Influence of Renal Replacement Modalities on Amikacin Population Pharmacokinetics in Critically Ill Patients on Continuous Renal Replacement Therapy

Claire Roger, Steven C Wallis, Laurent Muller, Gilbert Saissi, Jeffrey Lipman, Jean-Yves Lefrant, Jason A Roberts, Claire Roger, Steven C Wallis, Laurent Muller, Gilbert Saissi, Jeffrey Lipman, Jean-Yves Lefrant, Jason A Roberts

Abstract

The objective of this study was to describe amikacin pharmacokinetics (PK) in critically ill patients receiving equal doses (30 ml/kg of body weight/h) of continuous venovenous hemofiltration (CVVH) and continuous venovenous hemodiafiltration (CVVHDF). Patients receiving amikacin and undergoing CVVH or CVVHDF were eligible. Population pharmacokinetic analysis and Monte Carlo simulation were undertaken using the Pmetrics software package for R. Sixteen patients (9 undergoing CVVH, 11 undergoing CVVHDF) and 20 sampling intervals were analyzed. A two-compartment linear model best described the data. Patient weight was the only covariate that was associated with drug clearance. The mean ± standard deviation parameter estimates were 25.2 ± 17.3 liters for the central volume, 0.89 ± 1.17 h(-1) for the rate constant for the drug distribution from the central to the peripheral compartment, 2.38 ± 6.60 h(-1) for the rate constant for the drug distribution from the peripheral to the central compartment, 4.45 ± 2.35 liters/h for hemodiafiltration clearance, and 4.69 ± 2.42 liters/h for hemofiltration clearance. Dosing simulations for amikacin supported the use of high dosing regimens (≥25 mg/kg) and extended intervals (36 to 48 h) for most patients when considering PK/pharmacodynamic (PD) targets of a maximum concentration in plasma (Cmax)/MIC ratio of ≥8 and a minimal concentration of ≤2.5 mg/liter at the end of the dosing interval. The mean clearance of amikacin was 1.8 ± 1.3 liters/h by CVVHDF and 1.3 ± 1 liters/h by CVVH. On the basis of simulations, a strategy of an extended-interval high loading dose of amikacin (25 mg/kg every 48 h) associated with therapeutic drug monitoring (TDM) should be the preferred approach for aminoglycoside treatment in critically ill patients receiving continuous renal replacement therapy (CRRT). (This study is a substudy of a trial registered at ClinicalTrials.gov under number NCT01403220.).

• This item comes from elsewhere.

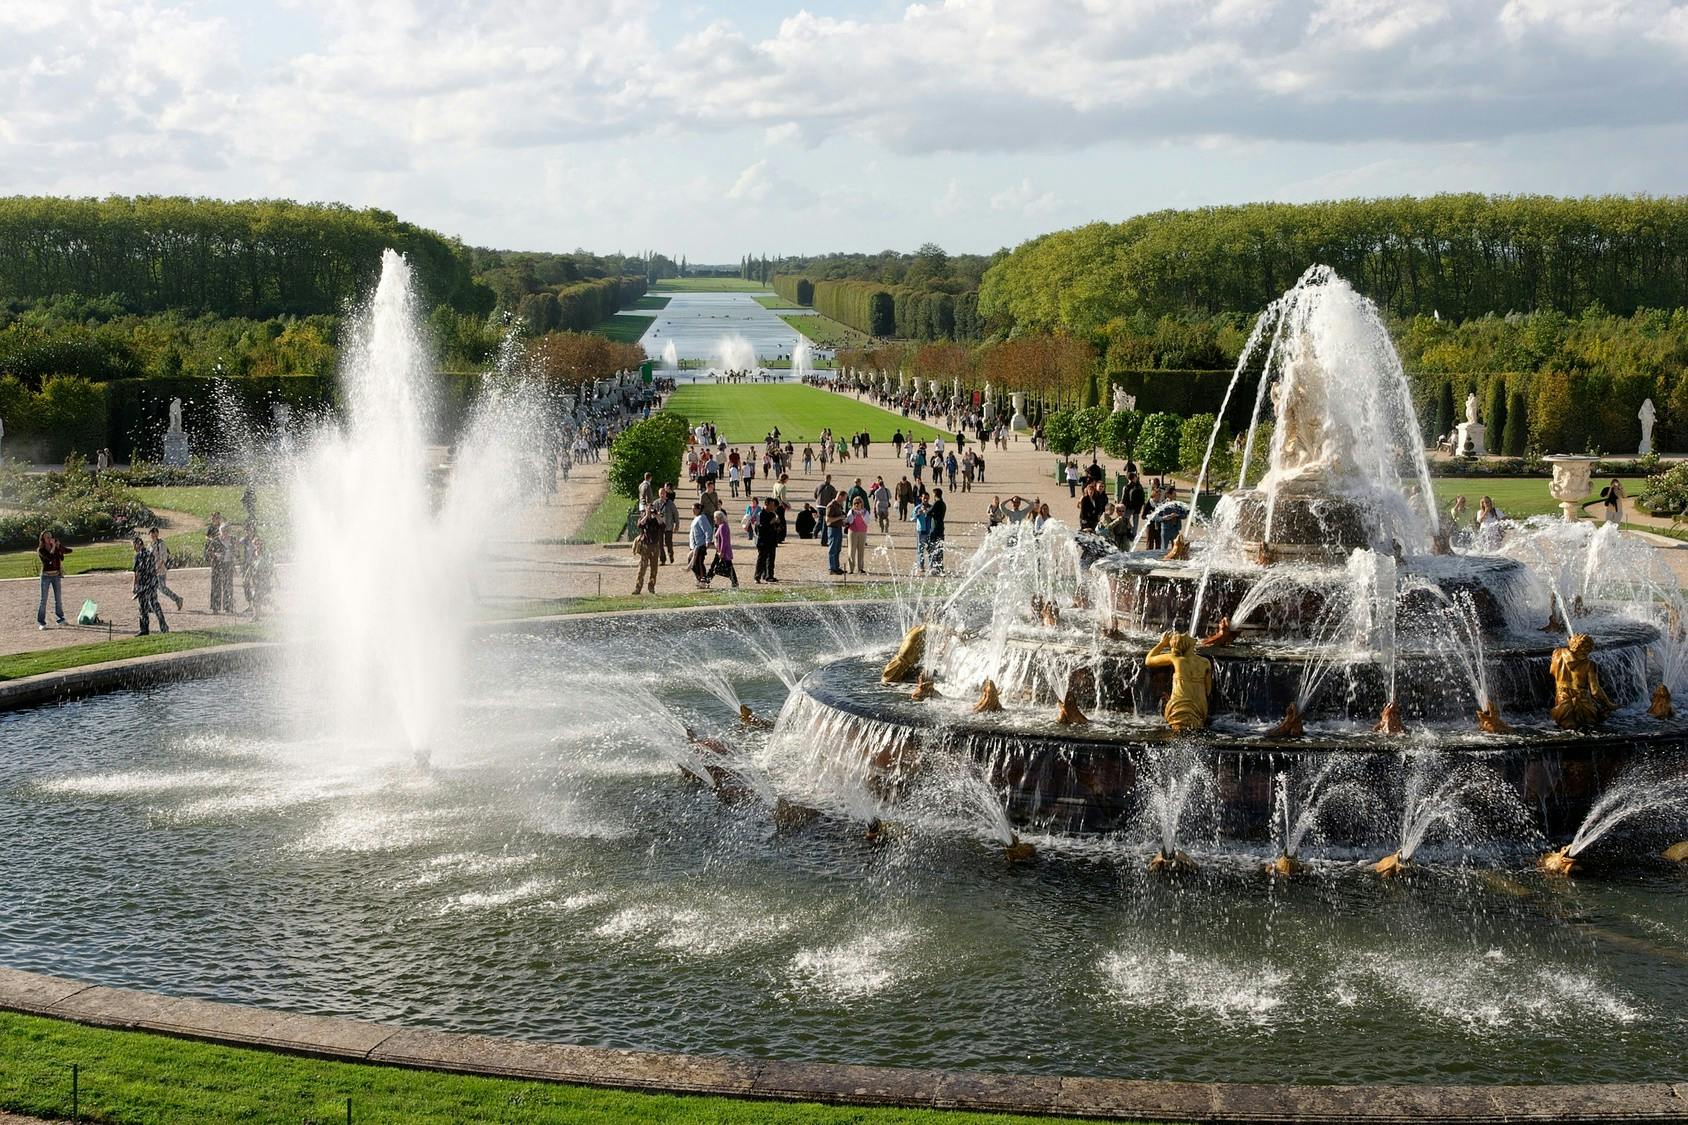 Versailles fountain

Copyright © 2016, American Society for Microbiology. All Rights Reserved.

Figures

FIG 1
FIG 1
Observed mean concentration-time profiles for the amikacin dosing sampling interval in critically ill patients receiving CVVH (n = 9) or CVVHDF (n = 11). Error bars represent standard deviations.
FIG 2
FIG 2
Diagnostic plots for the final covariate model. Observed versus population predicted concentrations (top right) and individual predicted concentrations (top left) in plasma. (Bottom) Visual predictive check. CI, confidence interval. Inter, intercept.
FIG 3
FIG 3
PTA of efficacy (Cmax/MIC ratio ≥ 8) and toxicity (Cmin ≥ 2.5 mg/liter at the end of the dosing interval) for a patient undergoing CVVH with a body weight of 80 kg with dosing every 24 h (q24) (a), 36 h (q36) (b), and 48 h (q48) (c) and targeting pathogens with an MIC of 4 mg/liter.
FIG 4
FIG 4
PTA of efficacy (Cmax/MIC ratio ≥ 8) and toxicity (Cmin ≥ 2.5 mg/liter at the end of the dosing interval) for a patient undergoing CVVHDF with a body weight of 80 kg with dosing every 24 h (a), 36 h (b), and 48 h (c) and targeting pathogens with an MIC of 4 mg/liter. Units for dosing are milligrams per kilogram.